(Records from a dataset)
Start of Block
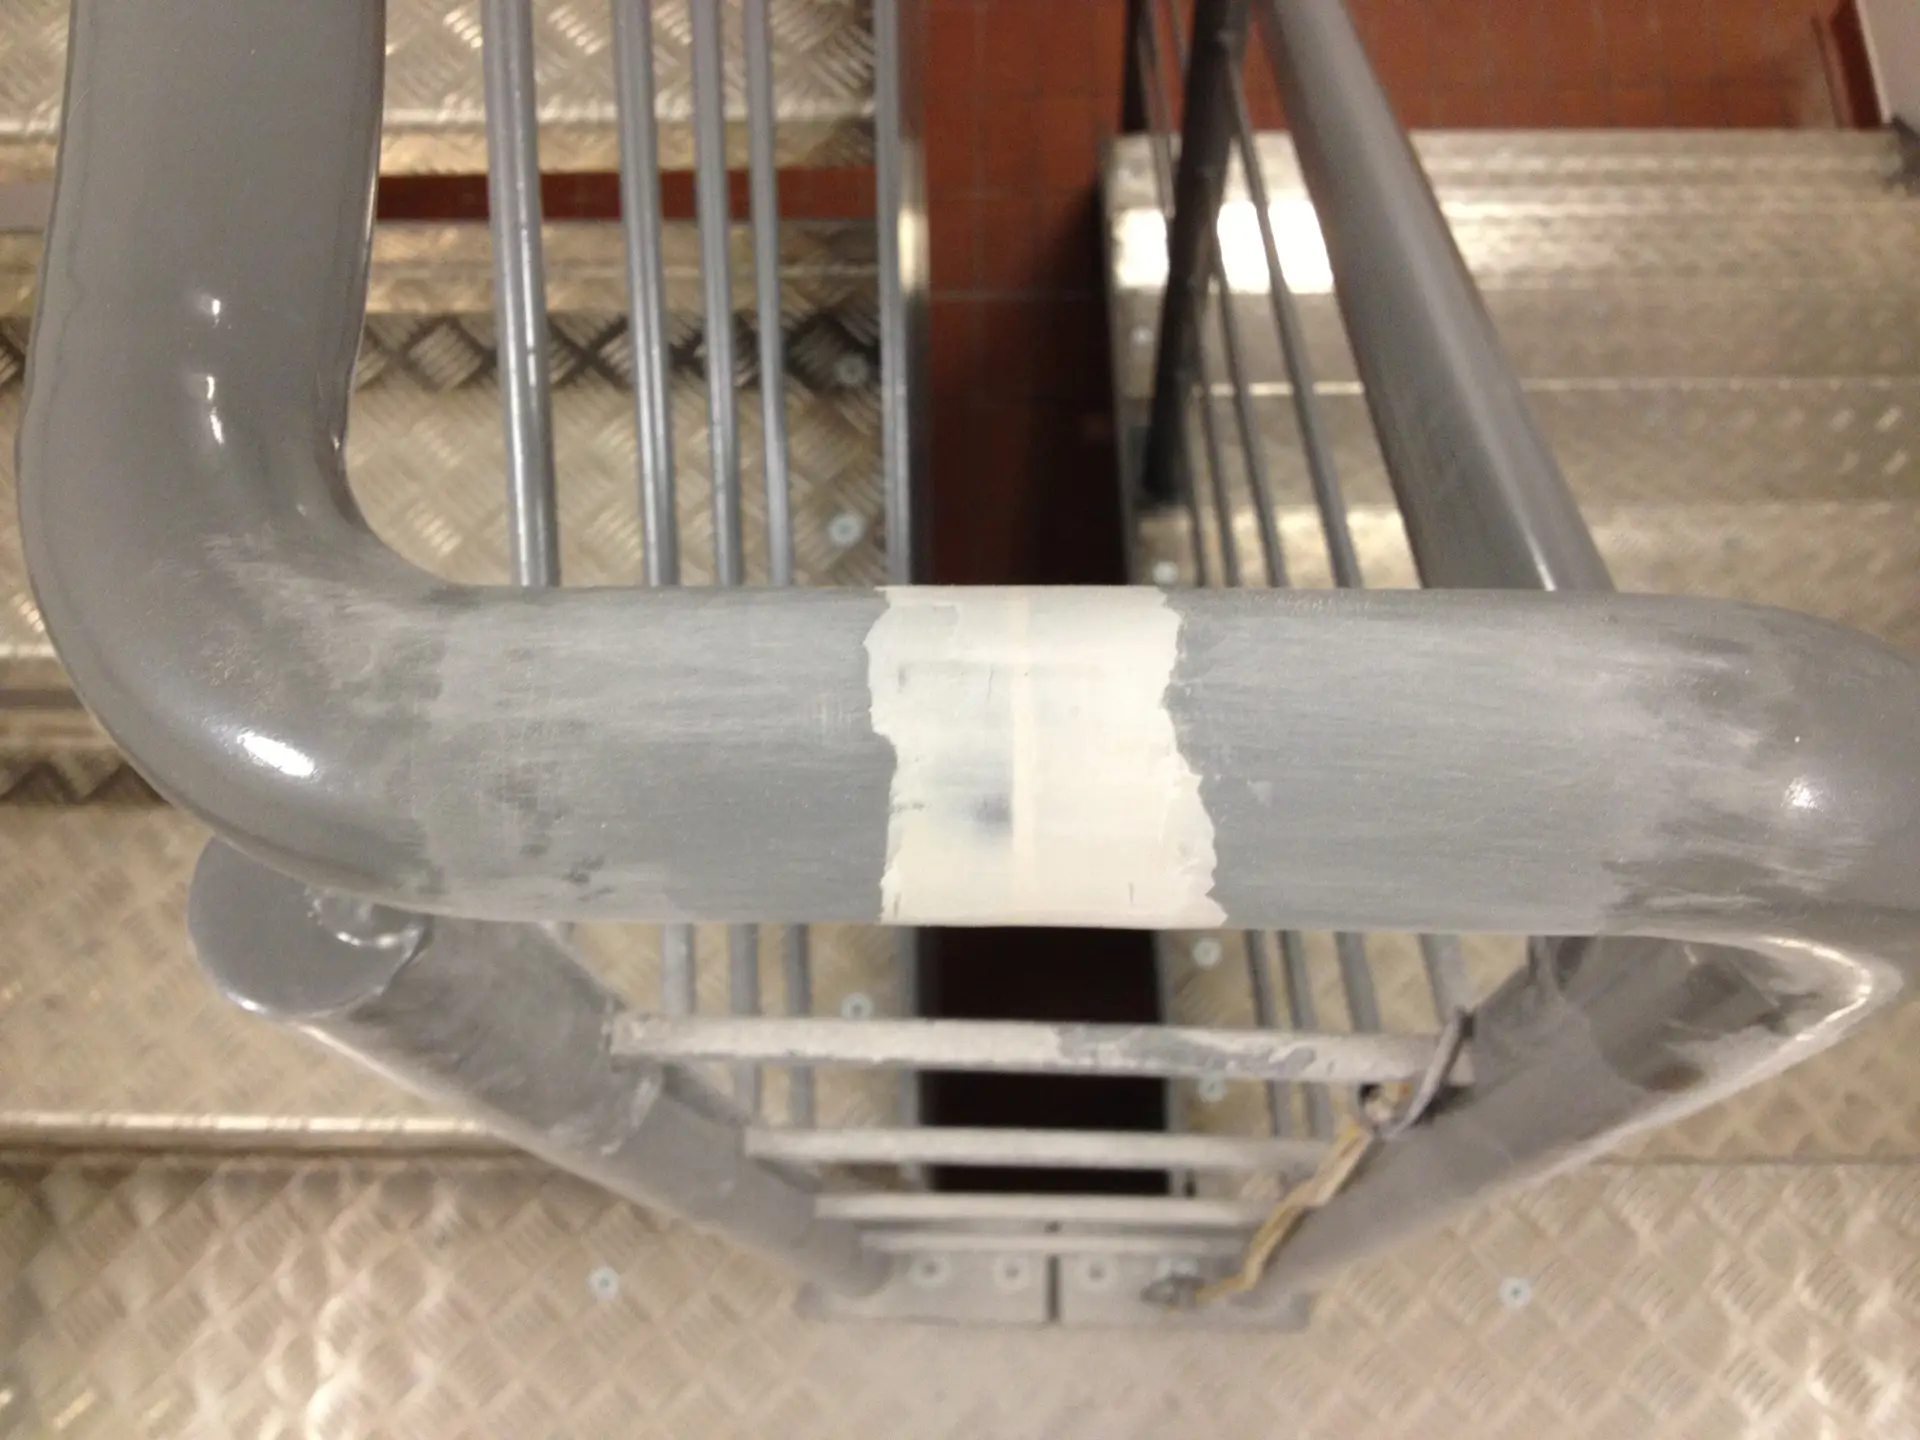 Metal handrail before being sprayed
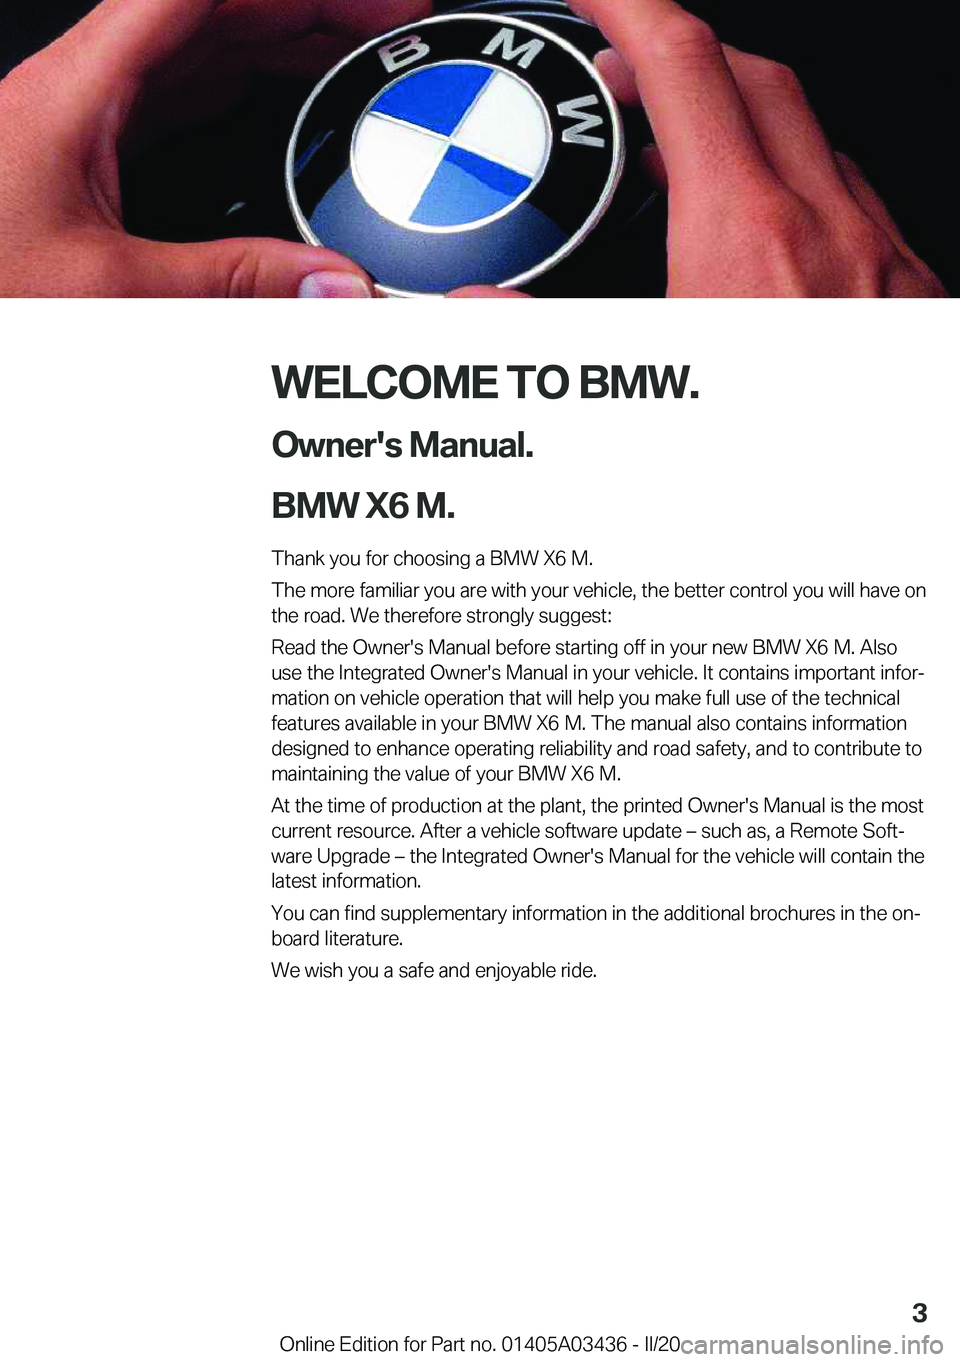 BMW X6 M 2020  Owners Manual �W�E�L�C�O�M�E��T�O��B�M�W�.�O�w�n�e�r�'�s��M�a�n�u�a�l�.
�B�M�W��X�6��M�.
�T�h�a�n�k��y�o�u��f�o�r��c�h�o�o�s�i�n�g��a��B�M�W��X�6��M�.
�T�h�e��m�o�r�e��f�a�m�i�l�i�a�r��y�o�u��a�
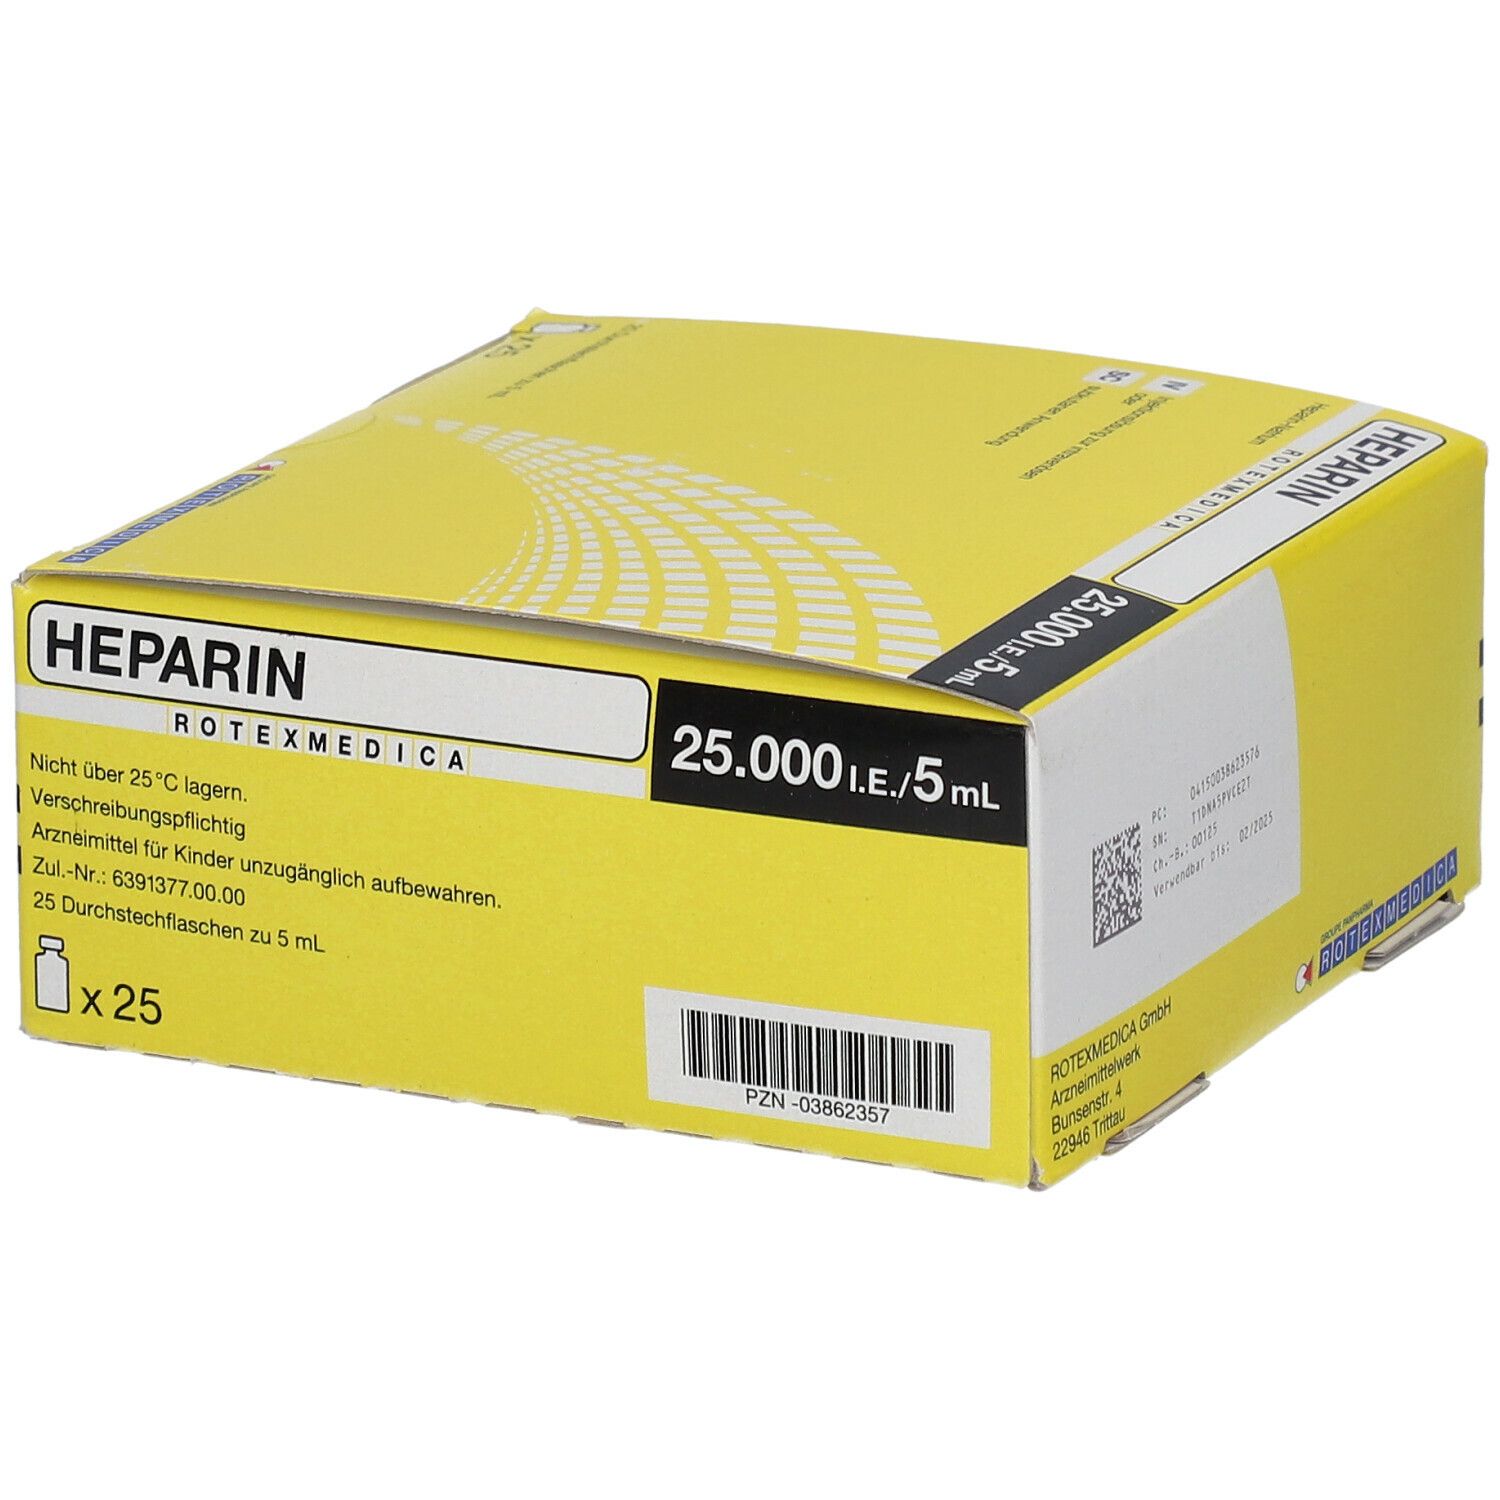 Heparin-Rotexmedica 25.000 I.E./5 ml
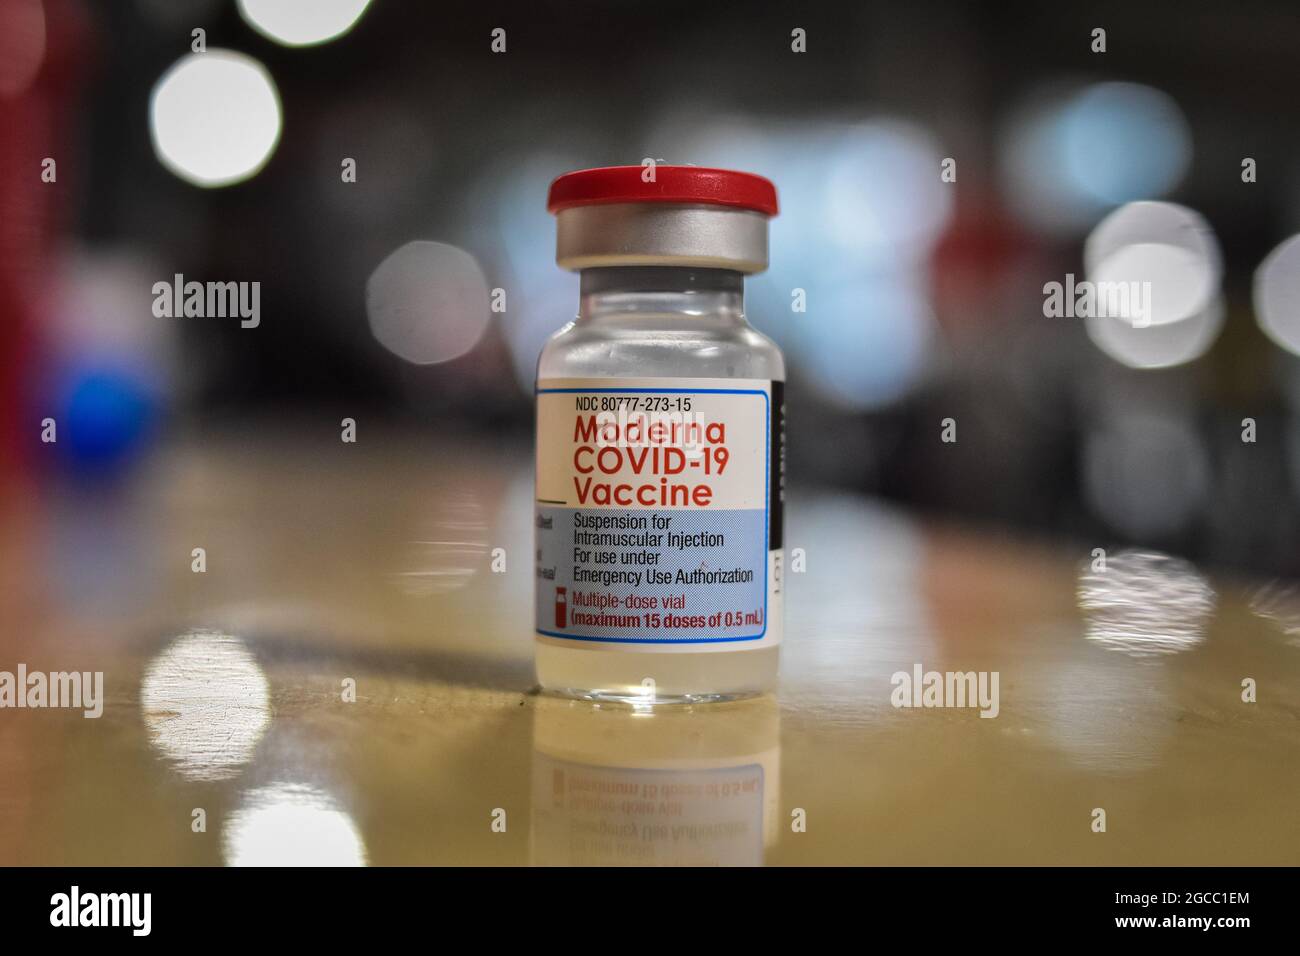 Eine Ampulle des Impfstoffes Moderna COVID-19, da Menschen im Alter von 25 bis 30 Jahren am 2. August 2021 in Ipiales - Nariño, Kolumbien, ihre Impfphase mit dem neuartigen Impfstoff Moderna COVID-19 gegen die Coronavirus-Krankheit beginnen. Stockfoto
End of Block
* Assignment *
Skip the pictures, then write out every entry exactly.

* Your response *
 Metal handrail before being sprayed
 BMW X6 M 2020  Owners Manual �W�E�L�C�O�M�E��T�O��B�M�W�.�O�w�n�e�r�'�s��M�a�n�u�a�l�.
�B�M�W��X�6��M�.
�T�h�a�n�k��y�o�u��f�o�r��c�h�o�o�s�i�n�g��a��B�M�W��X�6��M�.
�T�h�e��m�o�r�e��f�a�m�i�l�i�a�r��y�o�u��a�
 Heparin-Rotexmedica 25.000 I.E./5 ml
 Eine Ampulle des Impfstoffes Moderna COVID-19, da Menschen im Alter von 25 bis 30 Jahren am 2. August 2021 in Ipiales - Nariño, Kolumbien, ihre Impfphase mit dem neuartigen Impfstoff Moderna COVID-19 gegen die Coronavirus-Krankheit beginnen. Stockfoto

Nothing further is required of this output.